Это были строки из книги Чарльза Дарвина «О выражении эмоций у человека и животных» (1872 год). Он заметил, что грусть проявляется одинаково во всех культурах. Возникает соблазн дать некое эволюционистское объяснение этому повсеместному чувству. Увы, в работах на эту тему из области антропологии и исследований эволюции основное внимание уделяется депрессии, подавленности, тоске – а это не совсем то, о чем мы ведем речь. Могу заявить вам с немного мрачной ответственностью, что разница между элегантной грустью и тоской зеленой это как разница между приятным опьянением и сыпным тифом. Во многих эволюционных теориях предлагается адаптивная шкала для измерения депрессии, но ни в одной из них, насколько мне известно, не говорится о том, что от уныния можно получать удовольствие.
Если уныние это зловонные миазмы, отравляющие мозг, то изысканная грусть больше похожа на павлиний хвост, окрашенный в яркие синие и сочные зеленые цвета.
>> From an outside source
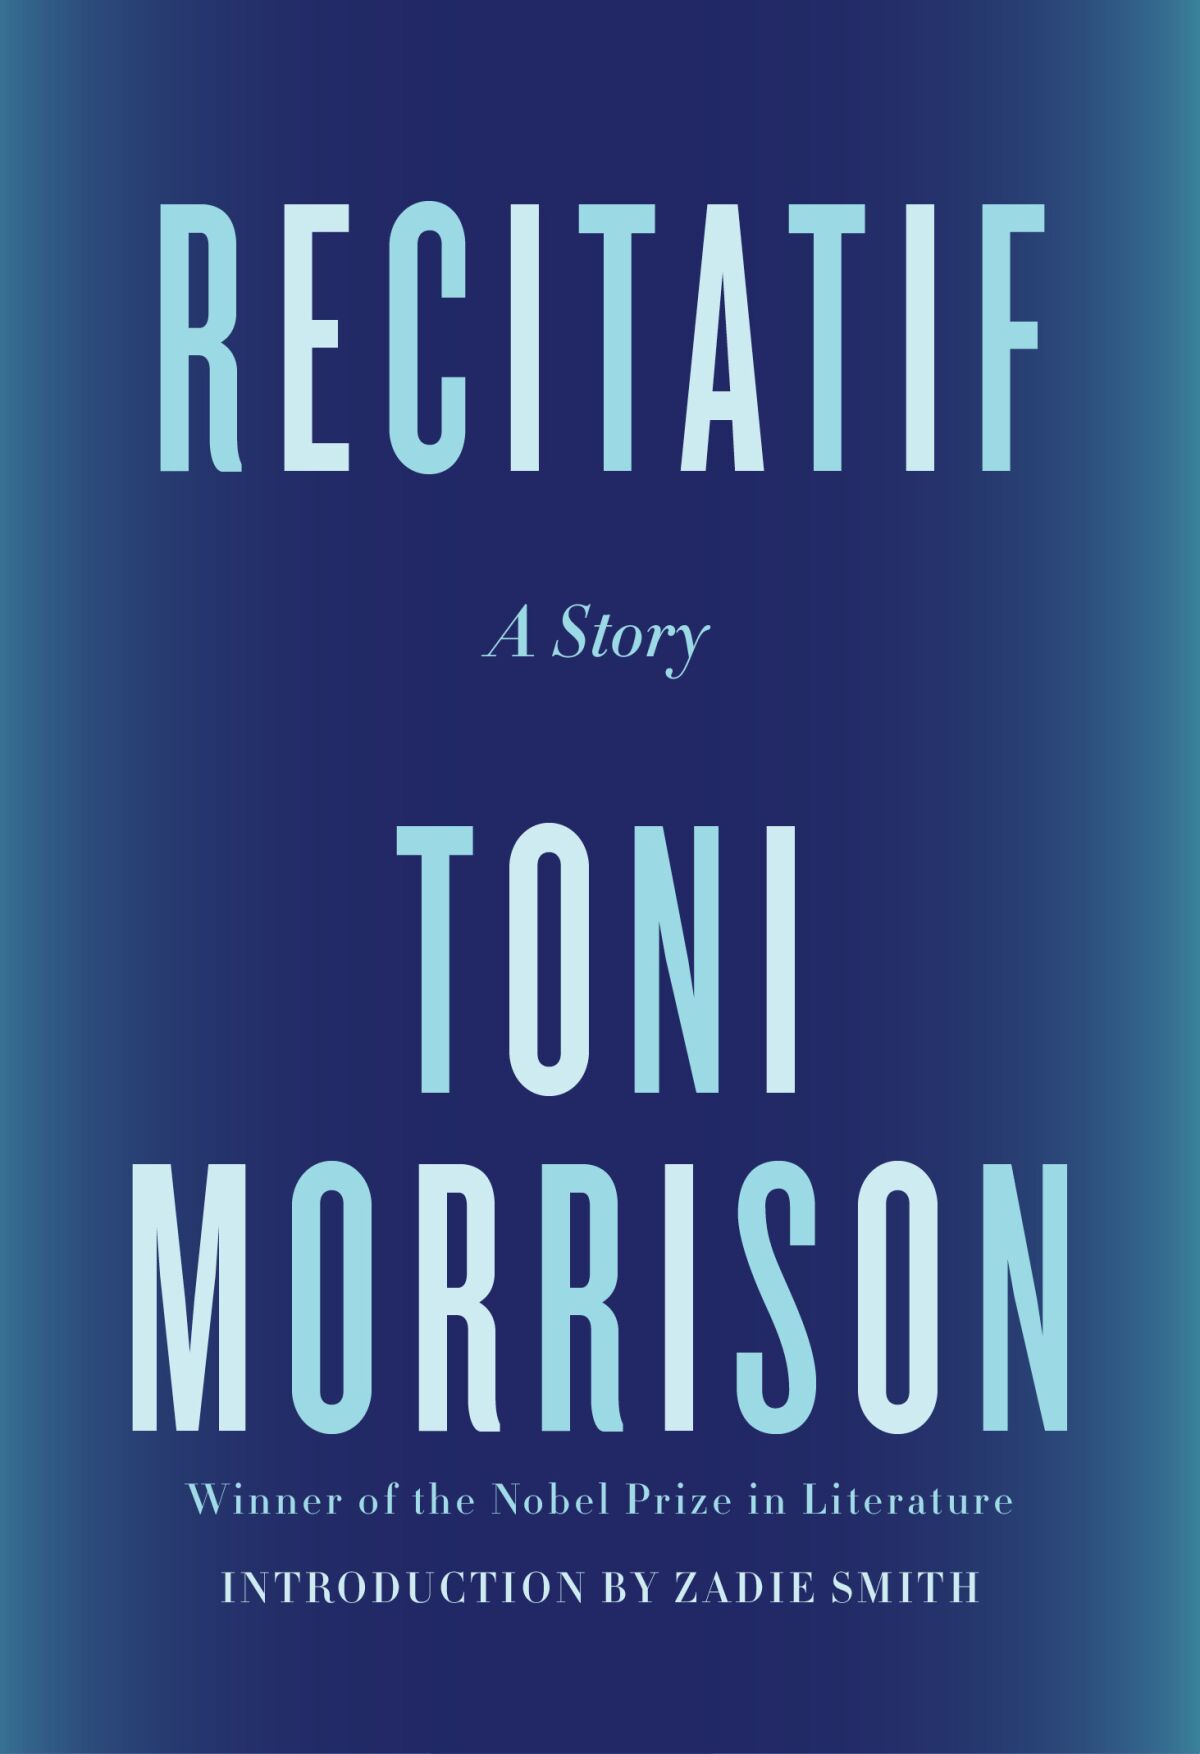 "Recitatif," by Toni Morrison

Это что, тоже универсально? На данный вопрос антропология не дает определенного ответа. Но это состояние безусловно находит свое отражение в великом множестве культур. Это такая печаль, которая обозначается японской фразой «моно но аварэ» (печальное очарование вещей). Это колдовская простота тех музыкальных традиций, которые пришли из Африки в Новый Свет под названием блюз. Это смесь силы, энергичности, жалости и меланхолии, которую этнолог и культуролог Клод Леви-Стросс (Клод Леви-Стросс) нашел в Бразилии, а потом емко передал в названии своей работы о путешествии по этой стране «Печальные тропики» (1955 г.) В этом заключается откровение «Энеиды» Вергилия, когда он оглядывается на свою неспокойную жизнь, а потом смотрит в будущее на те беды, которые ждут его впереди. Sunt lacrimae rerum (Есть слезы для чужих бед – слезы сочувствия). Но говорит он это не трагически, не безнадежно. Это парадоксальное заявление о красоте мира.
Конечно, можно провести «анализ затрат и результатов» в отношении той грусти, о которой я веду здесь речь. Мы можем предположить, что это сигнал о наличии у человека душевных сил, свободного времени и чувствительности, которые позволяют ему грустить. Тем самым мы ссылаемся на модель гандикапа, предложенную эволюционистами. Данную гипотезу впервые выдвинул в 1975 году израильский эволюционный биолог Амоц Захави (Amotz Zahavi). Ее главная идея состоит в том, что экстравагантные особенности, такие как массивные рога у оленя или хвост у павлина весьма полезны, потому что они выставлены напоказ, кажутся очень дорогими и причиняют неудобство владельцу. Они как бы говорят: я сильный, у меня отличные гены, я могу таскать все это на себе как яркую и, между прочим, очень красивую обузу, прикрепленную к моему телу.
Согласно такой модели, печаль – это своего рода показное потребление. Чтобы хмуриться, надо сильнее напрягать мышцы, и наверное, в этом весь смысл. Это сигнал о нашей способности разбазаривать имеющийся у нас ресурс именно путем разбазаривания. Жить и быть счастливым может любой дурак. Но чтобы жить и грустить, требуется гораздо больше сил.
И все равно в таком анализе теряется самый важный аспект данного чувства. Он не в том, что такое чувство требует усилий, а в том, что оно прекрасно. Счастье это прелесть, но некоторые разновидности грусти имеют доступ к такой красоте, какой счастливому не познать никогда.
Адам Робертс – преподаватель английской литературы, работающий в Королевском колледже Холлоуэй, а также автор произведений научной фантастики. Его последняя книга называется «Двадцать триллионов лье под водой (Twenty Trillion Leagues Under the Sea ). Он живет недалеко от Лондона.